Claims severity defined

“When we look at claim severity, we’re talking about the increase in the dollar value of each claim,” said Lee Sherback, national transportation practice leader for Canada at Hub International.

That increase reflects changes across multiple parts of trucking’s risk profile. On the liability side, plaintiffs are increasingly seeking larger compensatory and punitive damages following serious crashes, and insurers are watching closely as U.S. court awards grow larger.

“We see a lot of nuclear verdicts in the U.S., and it doesn’t take long for that to trickle across the border,” Sherback said. “The awareness is there that if trucking is involved, higher insurance limits are available, and lawyers are well educated about that.”

At the same time, the cost of equipment and repairs has climbed sharply, meaning even relatively minor collisions can generate much larger claims than they once did.

truck trailers in front of US dollar bills
Litigators in the United States are increasingly targeting the trucking industry leading to nuclear verdicts, which are also contributing to rising insurance costs. (Image: iStock)

Rising costs translate to rising premiums

Modern tractors can approach $250,000 in value, compared to a fraction of that cost even a decade ago. At the same time, higher labor rates, more complex vehicle technology and expensive replacement parts are driving up repair bills for every collision.
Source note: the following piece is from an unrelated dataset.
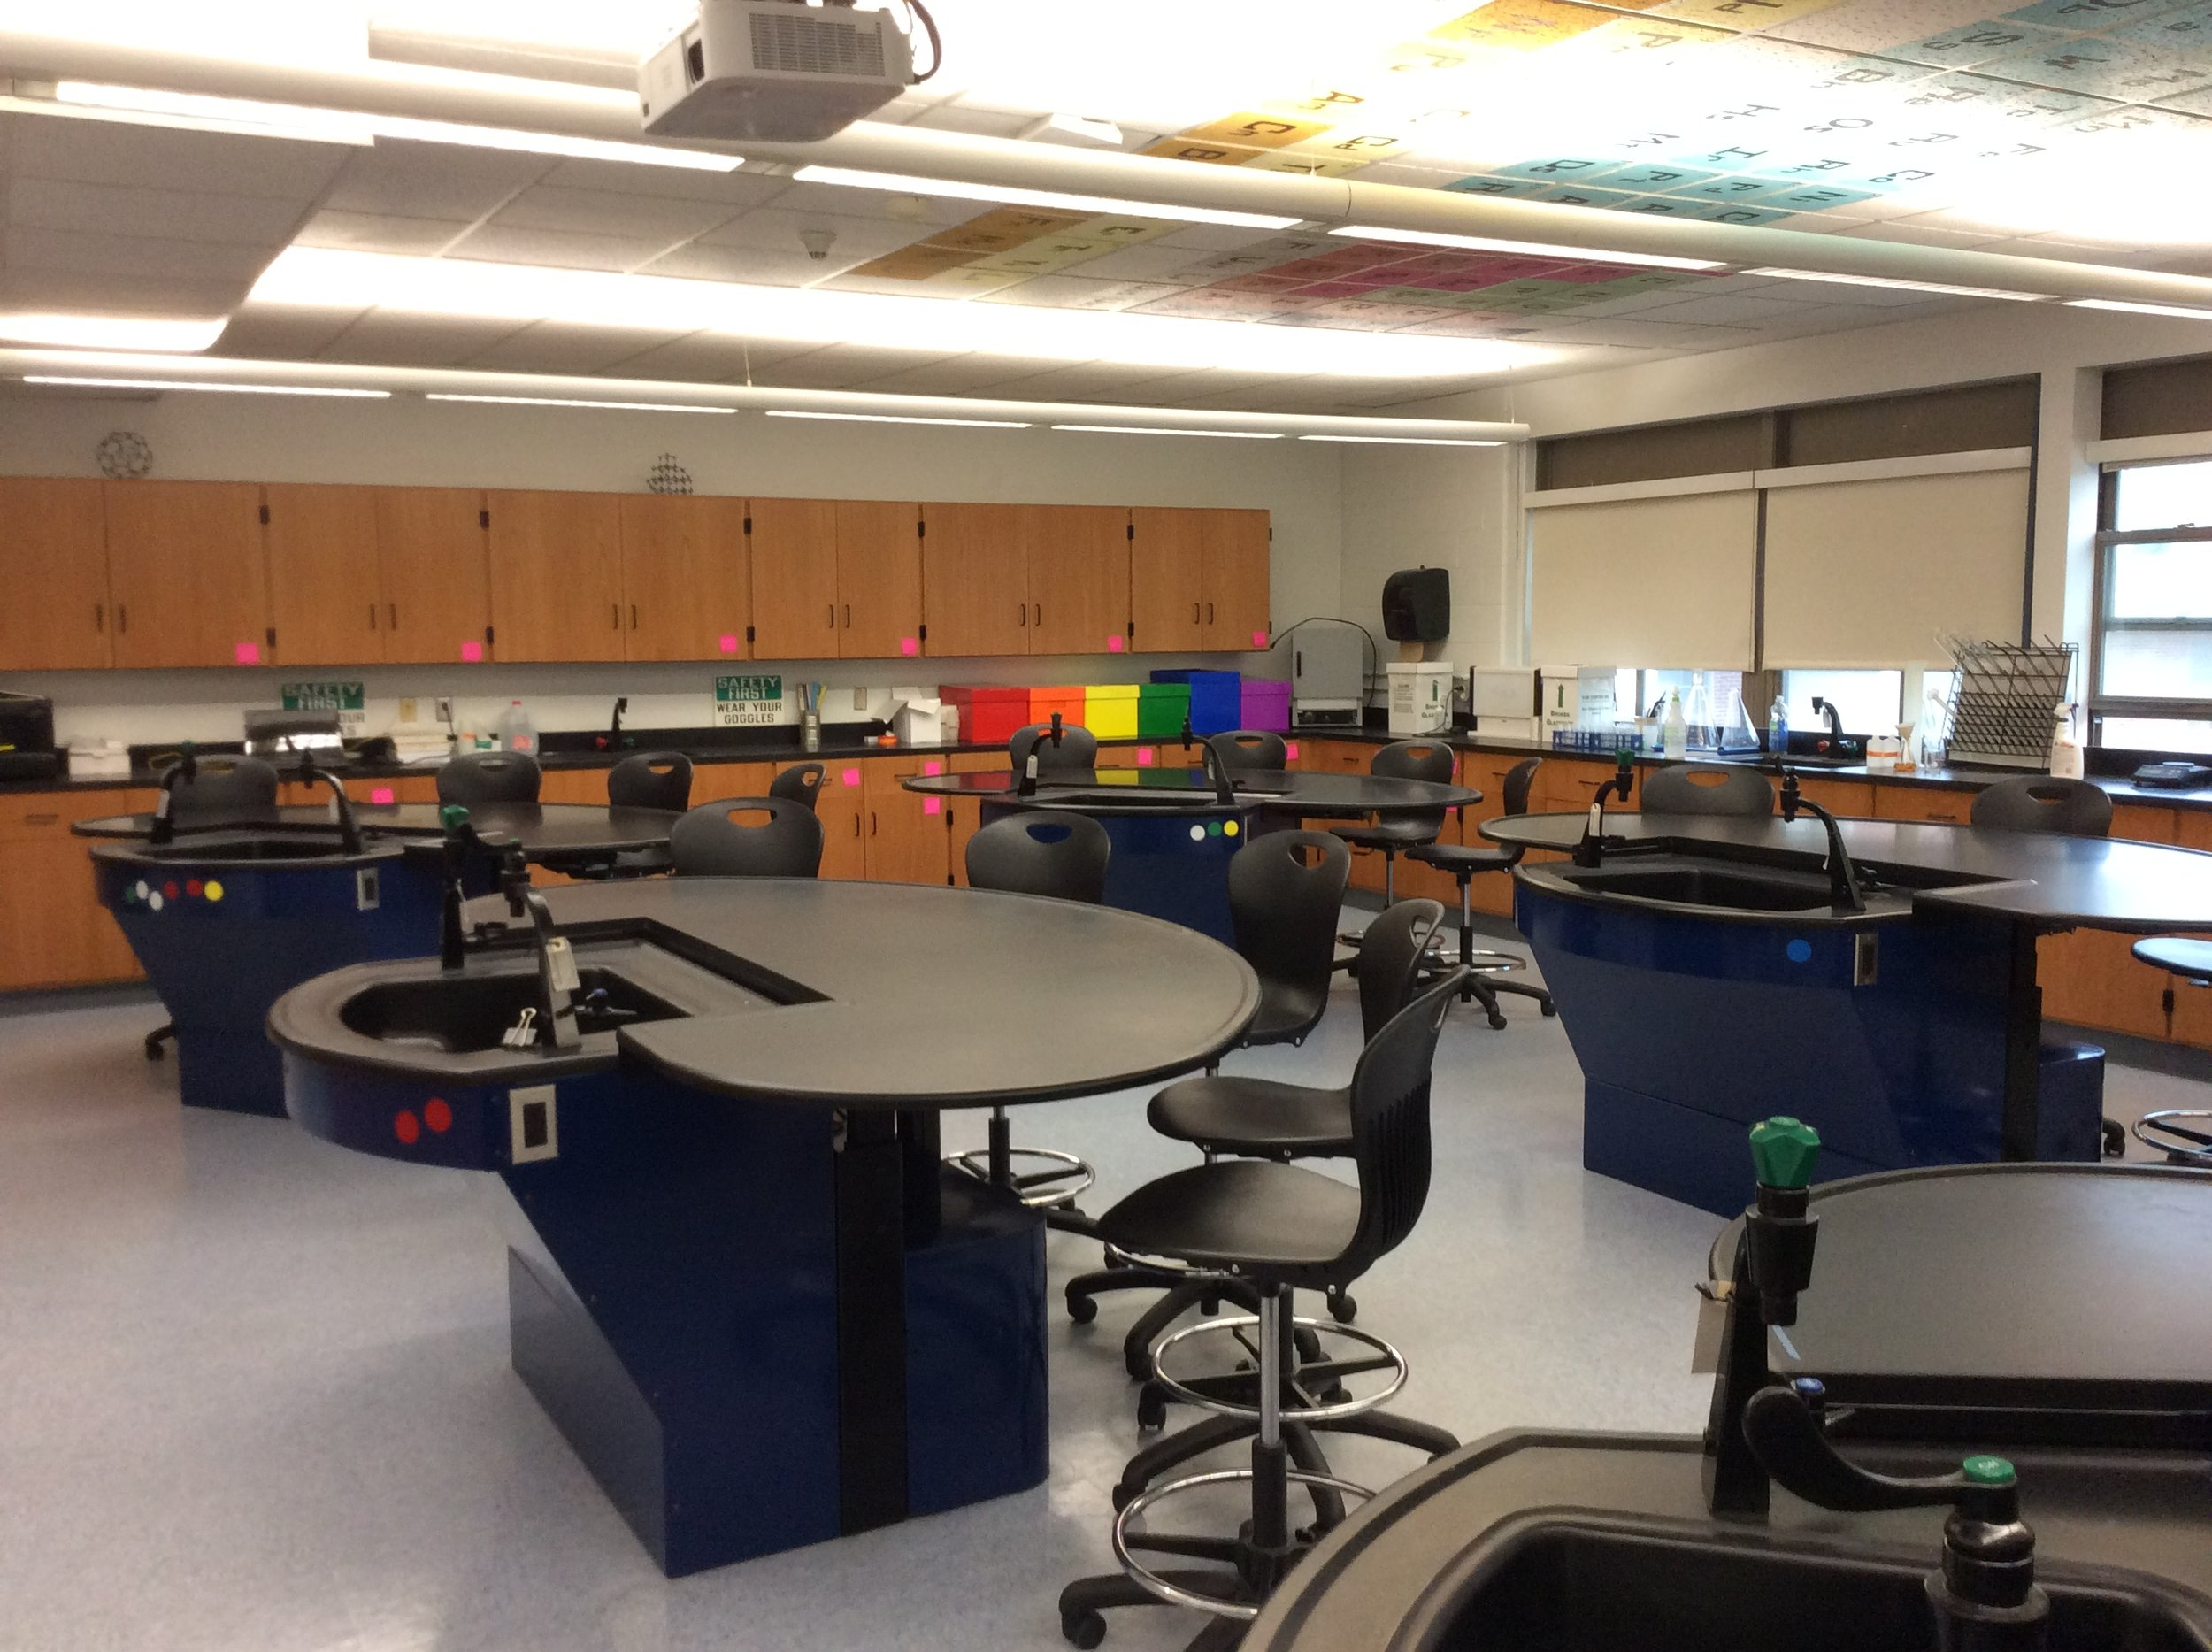 Axis Table High School Laboratory.JPG

“Trucks are exponentially more expensive than they were 10 or 20 years ago,” Sherback said. “Parts are more expensive, mechanics are more expensive and cargo is more valuable.”

Insurers say the industry is also facing higher litigation costs and growing fraud concerns. Staged collisions and cargo theft have expanded in recent years, particularly in major cities.

“Cargo theft is still a big headache for trucking companies and continues pushing up claims costs,” said Rupinder Hayer, assistant vice president of longhaul trucking and commercial auto at Echelon Insurance. “On top of that, the industry is being hit with more nuclear verdicts, making the situation even tougher financially for insurers.”

“Insurance fraud has catastrophic negative effects,” added Sherback. “Organized crime is involved, and it’s spreading to more jurisdictions.”

Insurers assessing fleets’ training, safety programs

Insurers are also closely watching driver experience levels. Past labor shortages have forced some fleets to bring less experienced drivers into the industry more quickly, which can increase the risk of collisions.

“The commercial trucking market has really felt the effects of increased frequency and severity of claims,” said Hayer. “When drivers don’t have the necessary training, accidents are more likely to happen, which means higher accident rates and bigger claims.”

Yet rising insurance costs are not spread equally among the trucking industry. Brokers say the pricing environment today depends heavily on the fleet insured.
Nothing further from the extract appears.